§ **Source data**:

◆ ◆ ◆ ◆ ◆ ◆ ◆

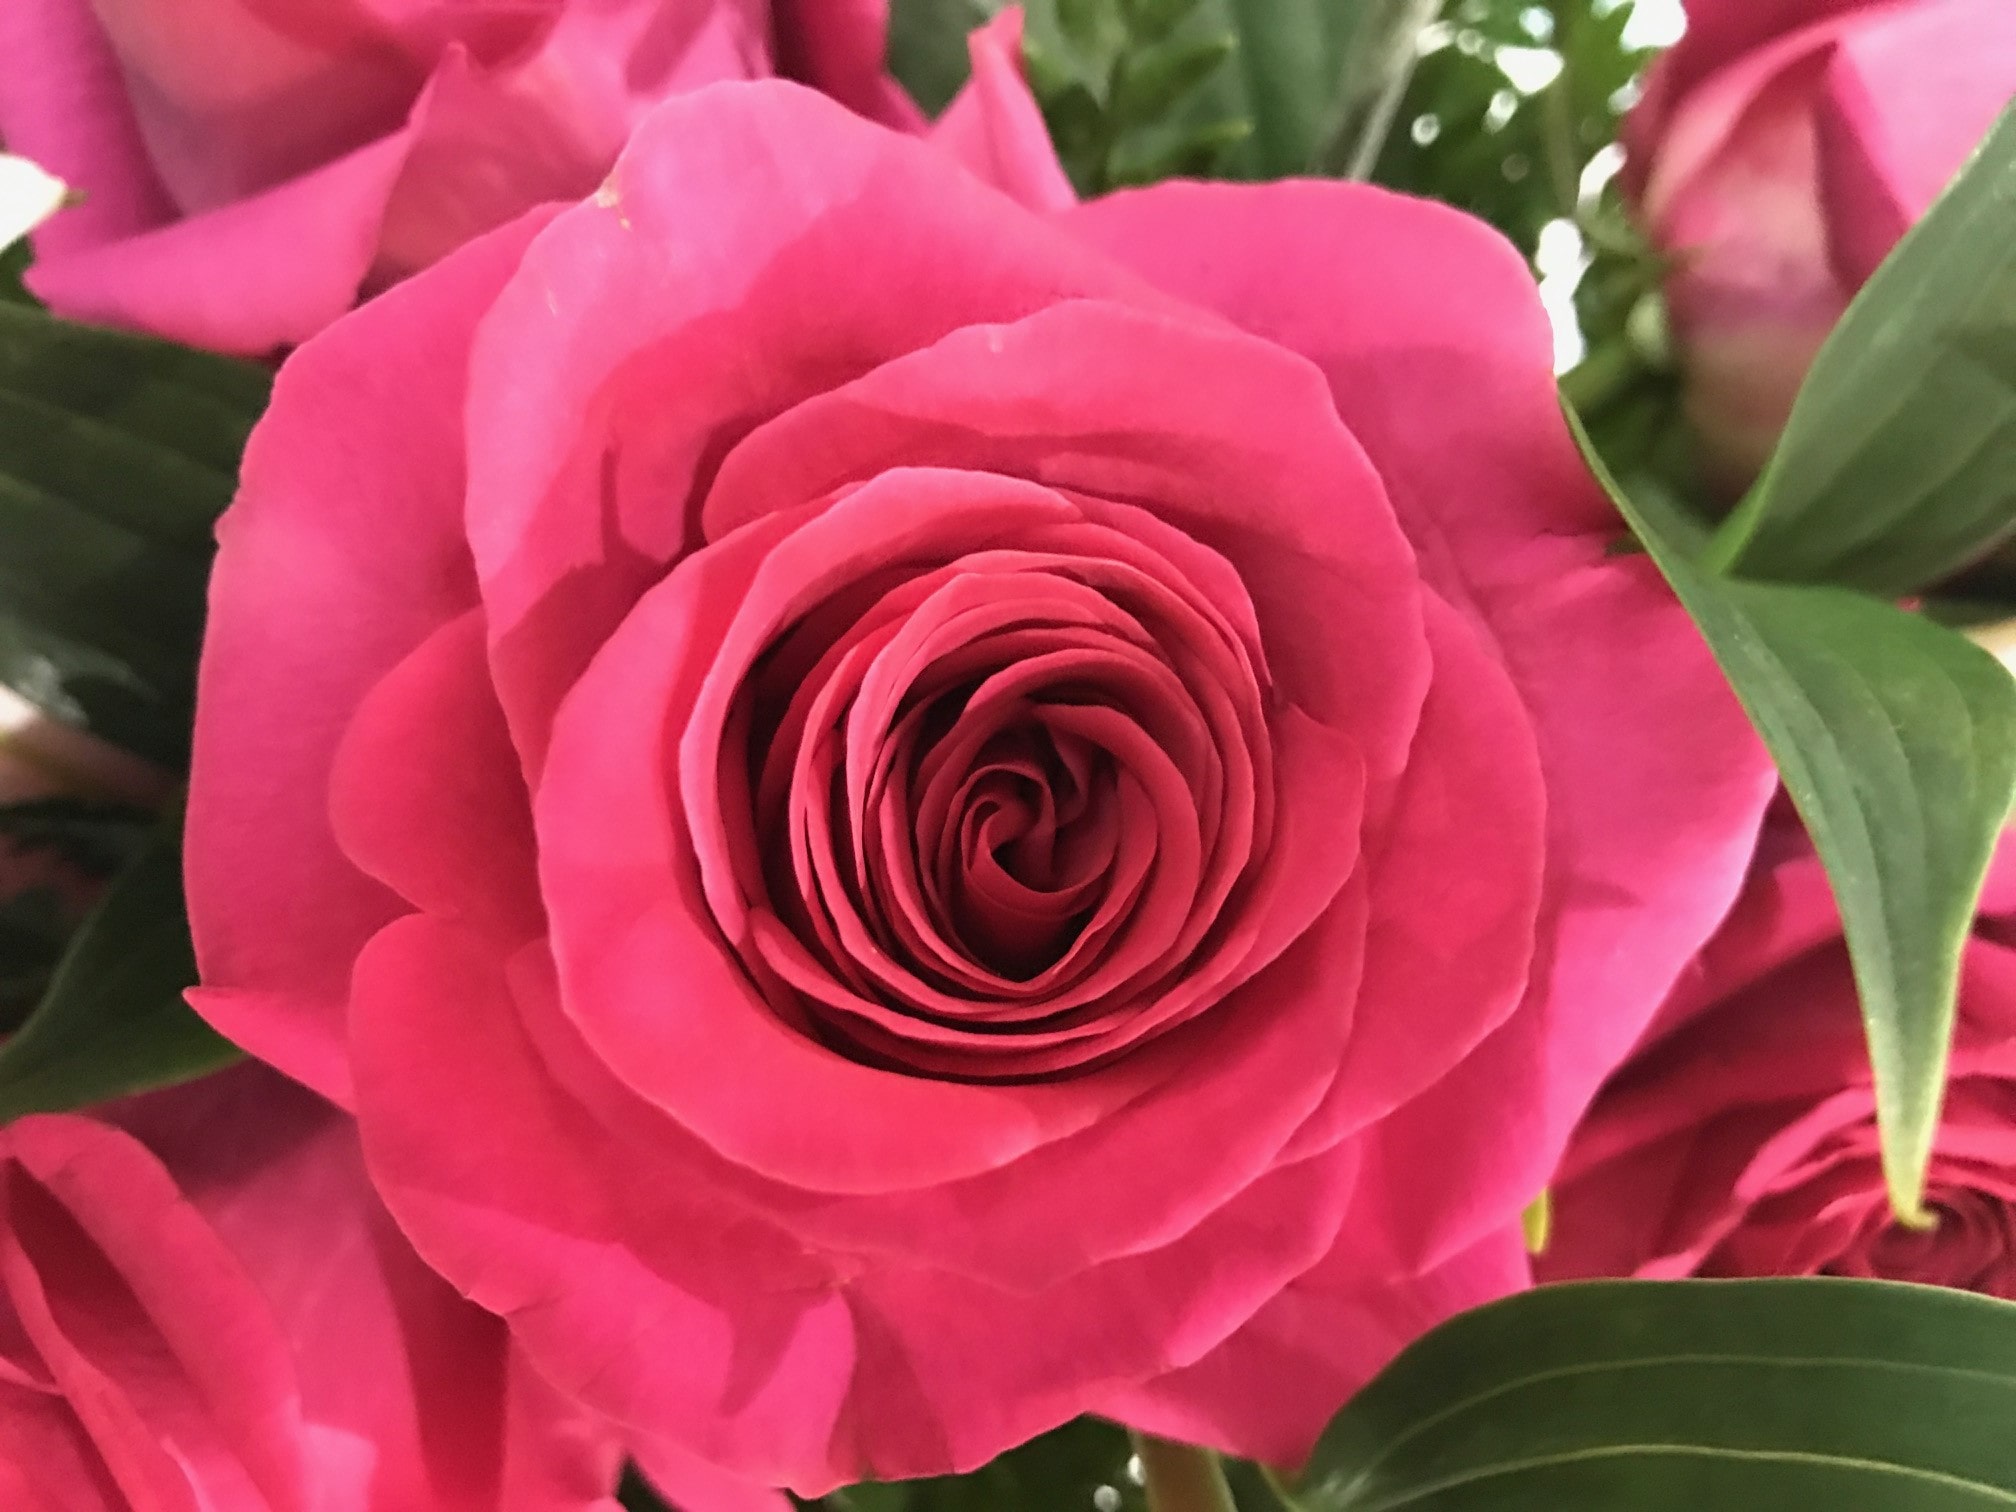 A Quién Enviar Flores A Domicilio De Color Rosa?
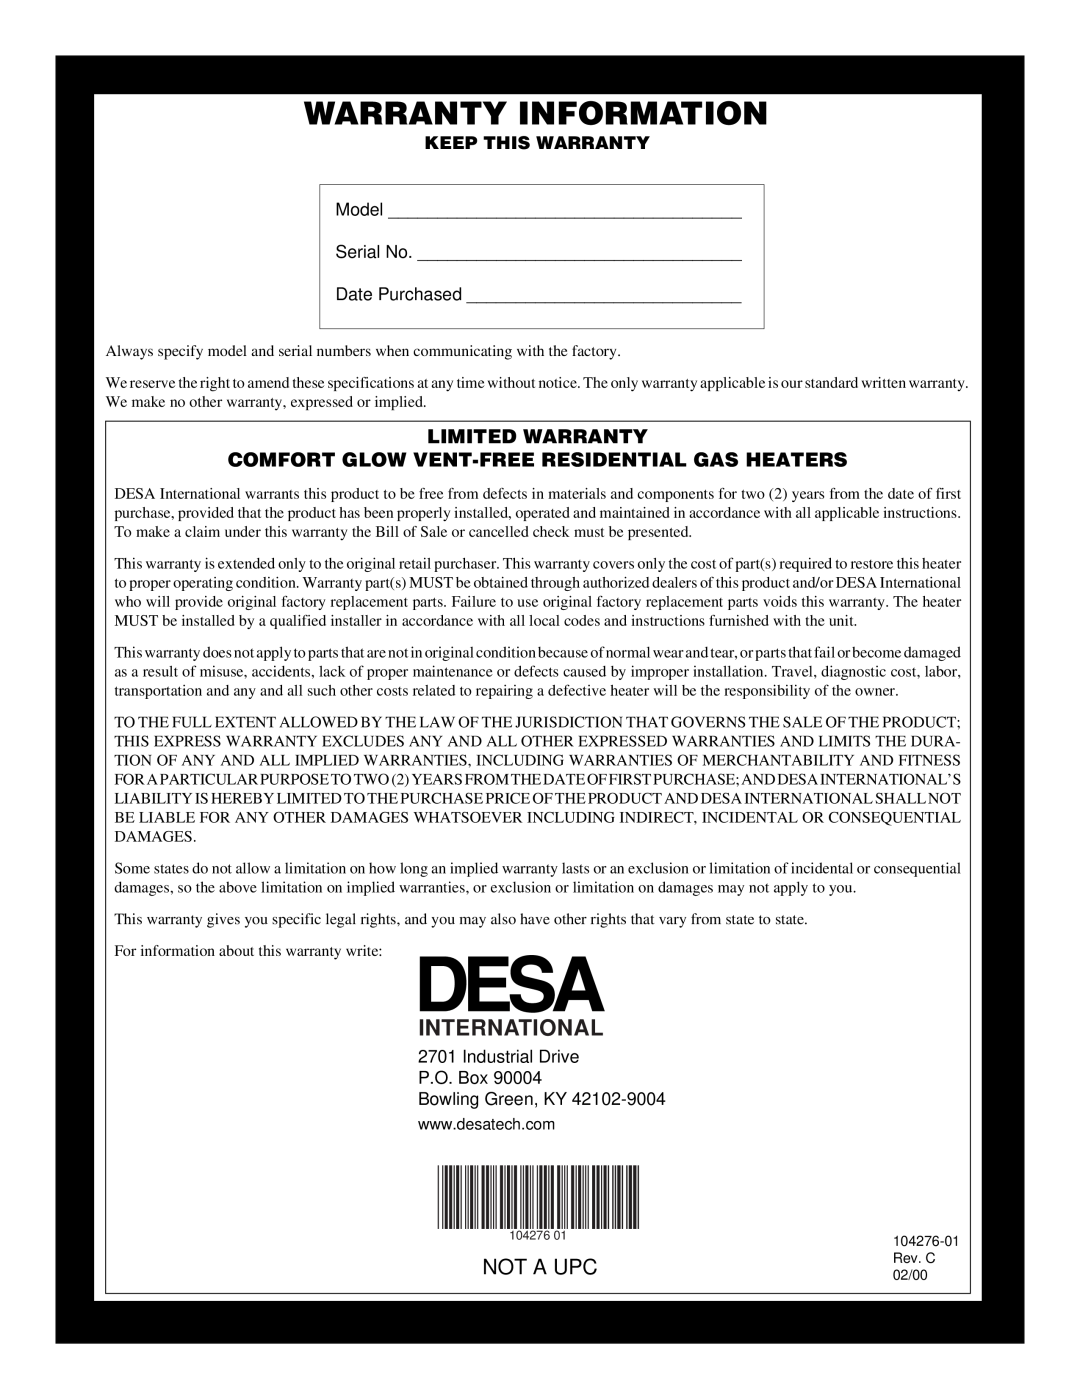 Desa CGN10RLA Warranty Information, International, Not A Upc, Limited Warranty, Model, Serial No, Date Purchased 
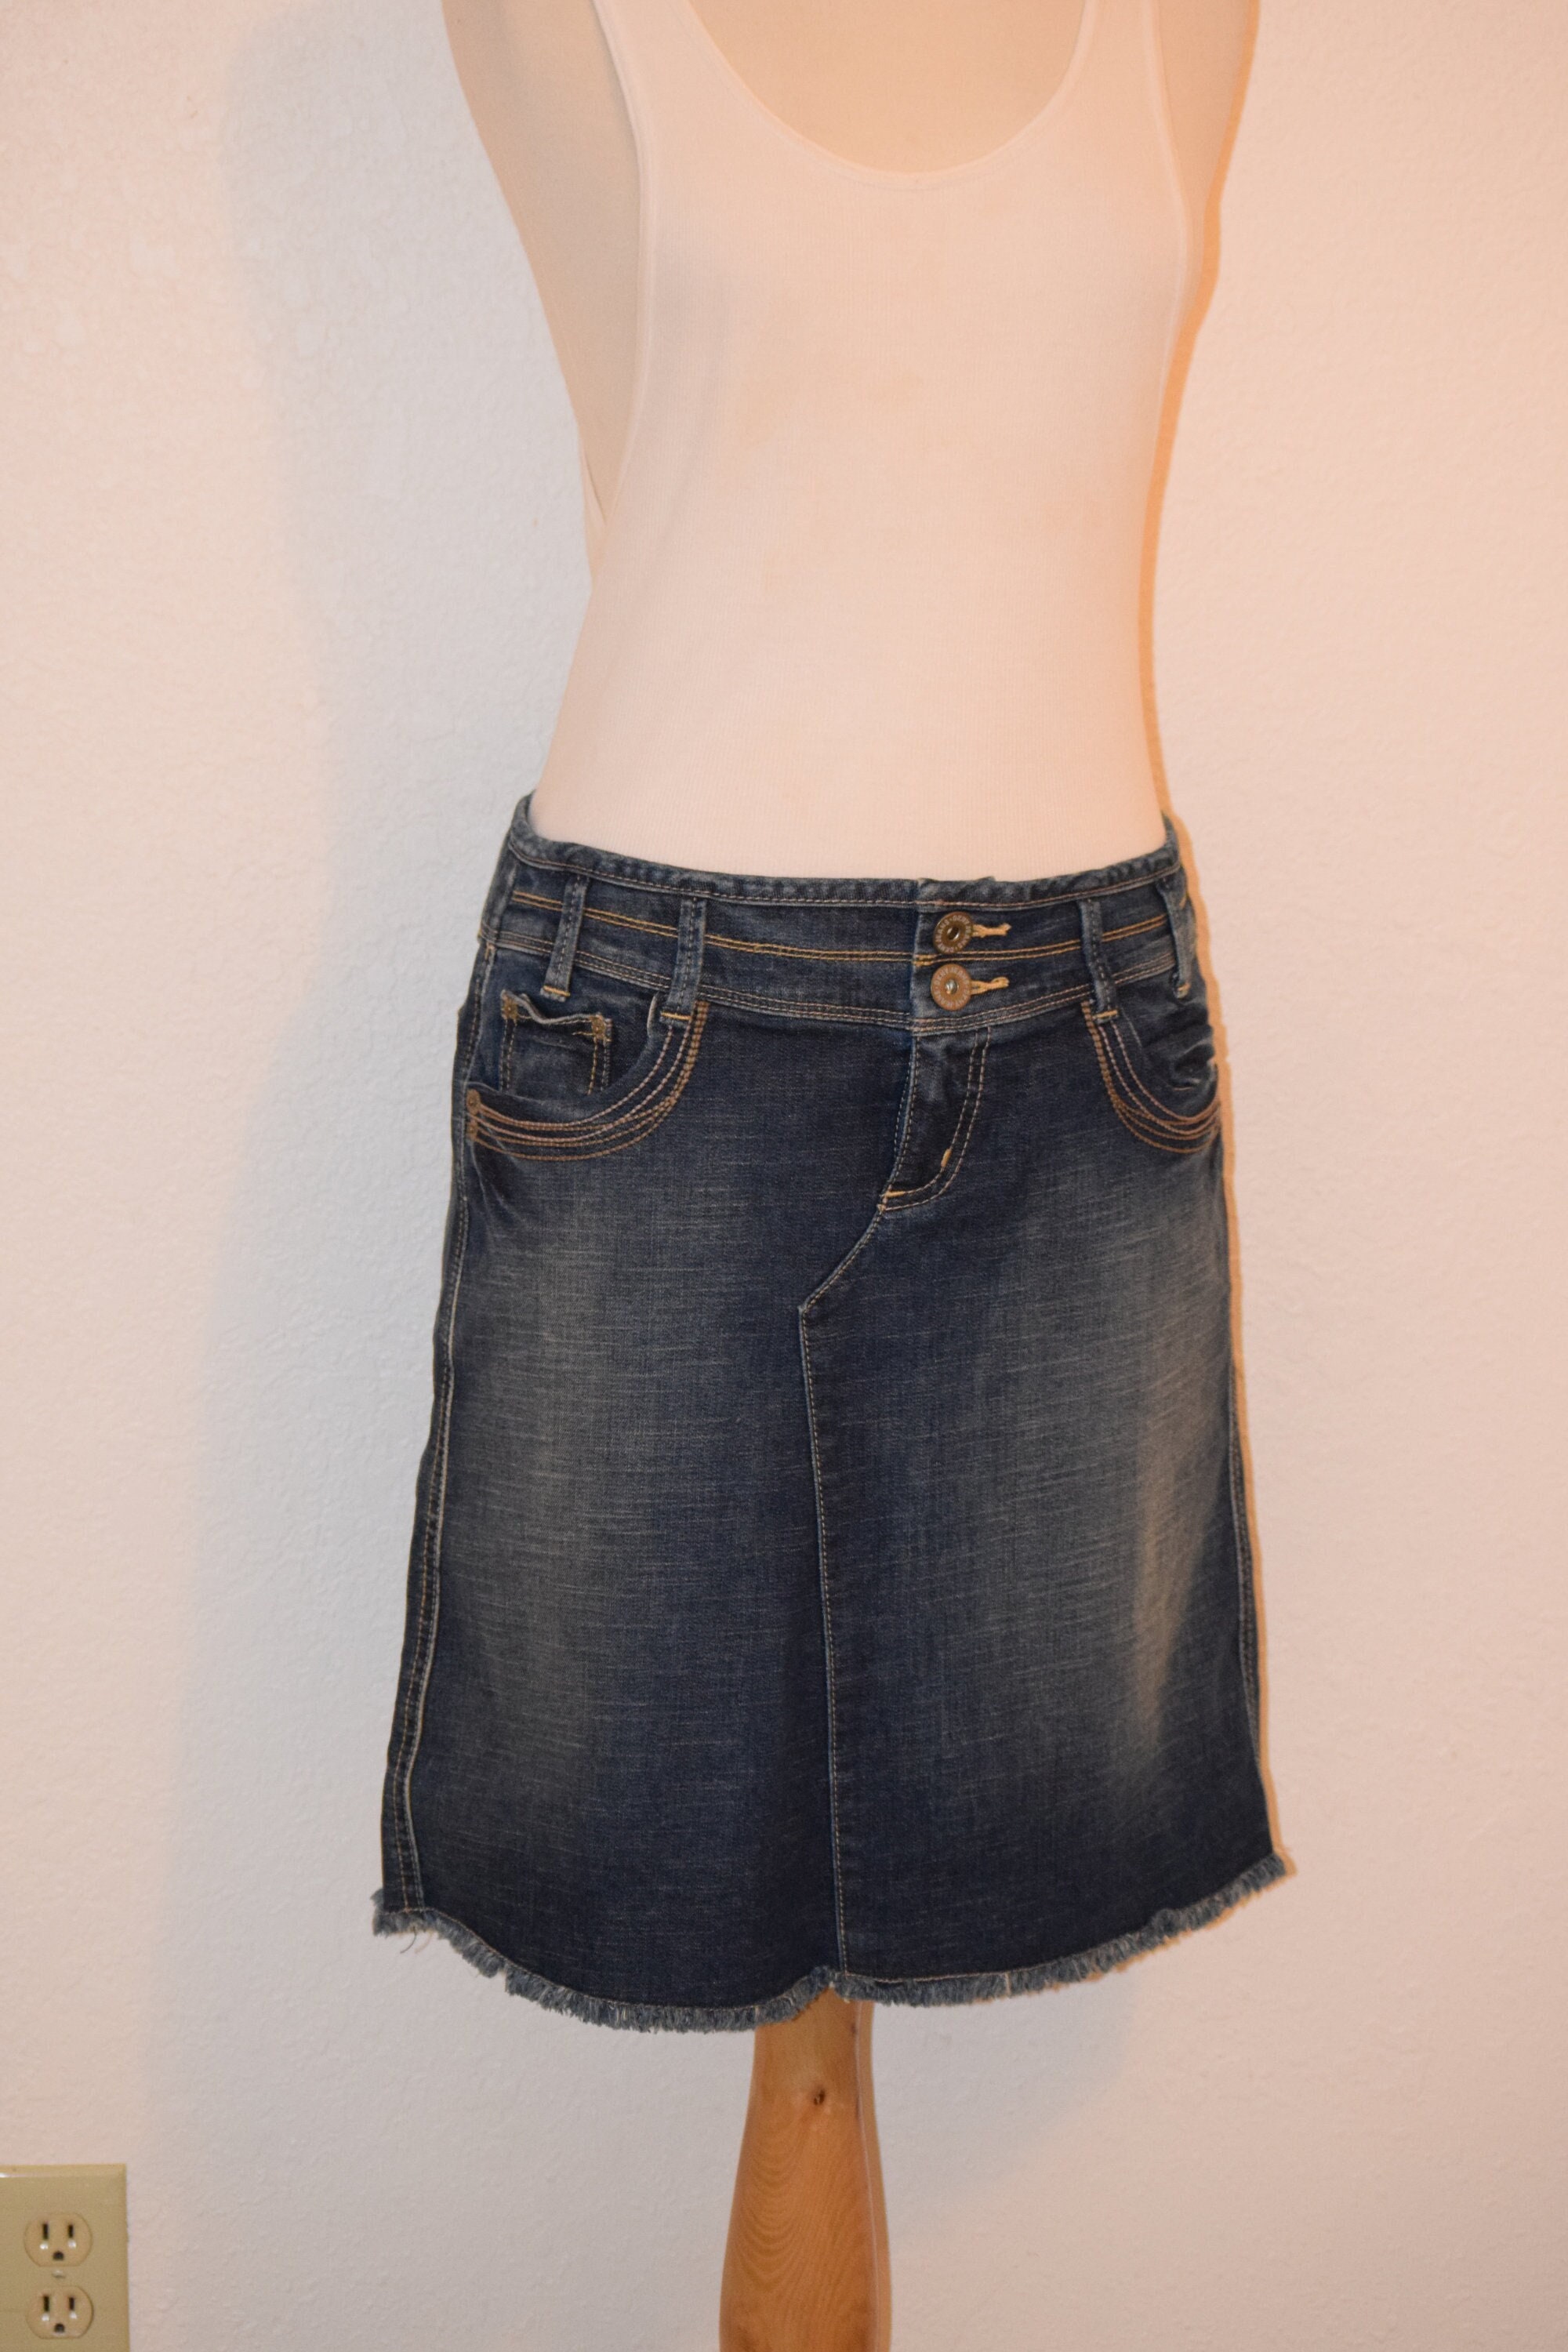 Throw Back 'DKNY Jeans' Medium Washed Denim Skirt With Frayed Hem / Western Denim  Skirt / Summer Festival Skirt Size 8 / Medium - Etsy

◆ ◆ ◆ ◆ ◆ ◆ ◆

§ **To do**:
Would you set down the listing exactly, omitting pictures?

§ **Solved problem**:
 A Quién Enviar Flores A Domicilio De Color Rosa?
 Desa CGN10RLA Warranty Information, International, Not A Upc, Limited Warranty, Model, Serial No, Date Purchased 
 Throw Back 'DKNY Jeans' Medium Washed Denim Skirt With Frayed Hem / Western Denim  Skirt / Summer Festival Skirt Size 8 / Medium - Etsy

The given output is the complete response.